No great surprise, then, that Gmail is also a favored target of malicious actors. Unlike your business email, personal Gmail accounts tend to stay in use for years; it was launched in 2004. This creates a treasure trove of valuable data that can be used by hackers to launch ongoing attacks. Business email accounts also tend to be better secured than personal ones by default. And then there’s the not-so-small matter of password reset requests that usually default to your email. So, it doesn’t take a cybersecurity genius to calculate the impact of your Gmail account being compromised. In order to access your Gmail, threat actors need to compromise your Google account. Here’s how to stop them.
How to secure your Gmail account against hackers
But it’s not all bad news as it’s pretty damn easy to protect your Google account and, by extension, your Gmail account, at least as well as anything that can be secured. All you need to do is take Gmail security seriously, and I’m here to explain how.
For most people, most of the time, Google account security comes down to two things: login credentials and two-step verification.
1. Ensure you have a unique and strong password. As I always say at this point, a password manager is your friend, both in creating that password and when required to use it.
2. Ensure you have two-step verification enabled for your Google account. You may have already been prompted to do this as Google has been ramping up a ‘default to enable’ program since the end of last year.
Two-Step Verification is your Google account friend, so use it
Google offers multiple secondary verification options, the most convenient being a Google prompt to a different device than the one you are using to sign in. So, if you are on your laptop, it would go to your phone and vice versa. Add an authentication app, Google Authenticator being the default, but you can use Authy or similar as a backup. Talking of which, make a note of your backup codes in case of failure elsewhere. These can be stored in your password manager, for example.

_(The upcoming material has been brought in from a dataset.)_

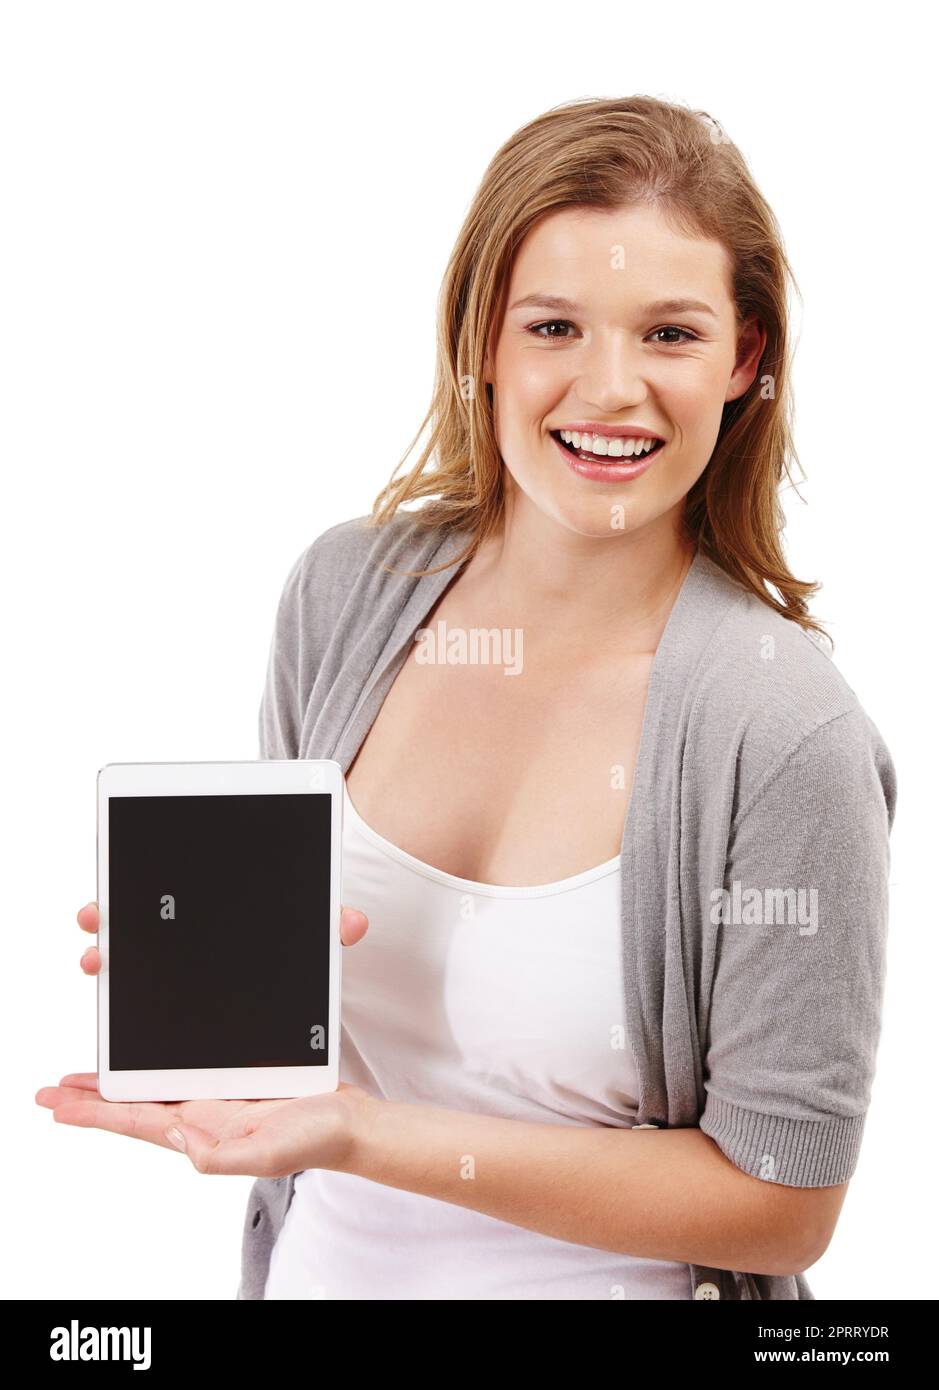 The latest in tablet technology. Studio portrait of an attractive young woman holding up a digital tablet against a white background. Stock Photo

The most secure form of secondary verification is using a security key, and Google offers this option as well. Google sells its own brand, or you can use YubiKey. If you enroll in the Advanced Protection Program, suggested for high-value accounts such as journalists, activists, and the like, then the use of such a key is mandatory.
Google account security checkup
So, those are the givens. However, there are lots more layers that can be added to your Gmail security cake. The first of encompasses which what’s already been stated but goes further, yet only takes a few minutes of your day. I’m talking about a Google account security checkup. Doing so will pop up recommended security actions based on your existing settings, show you what devices have logged into your account, from where and when, detail those apps you’ve given access to your account, and offer the chance to revoke any you no longer use or don’t recognize, and highlight any ‘sensitive’ Gmail settings you are using.
It really is a one-stop security checklist shop and I highly recommend spending some time doing it. The part that shows devices that have logged in to your account is beneficial for flying bright red flags regarding the security and privacy of your Gmail account. It will show you when the device logged in, the type of device, and where it was located. The latter not being as helpful as the former, thanks to being so easy to fake.
Think outside the Google box for better security
It would help if you also thought outside the Google box a little. By which I mean that your operating system is fully patched with the latest security updates. Ditto for your web browser of choice and any third-party apps you use in conjunction with Gmail. It’s also recommended that you regularly audit your browser extensions and app, deleting those you no longer use.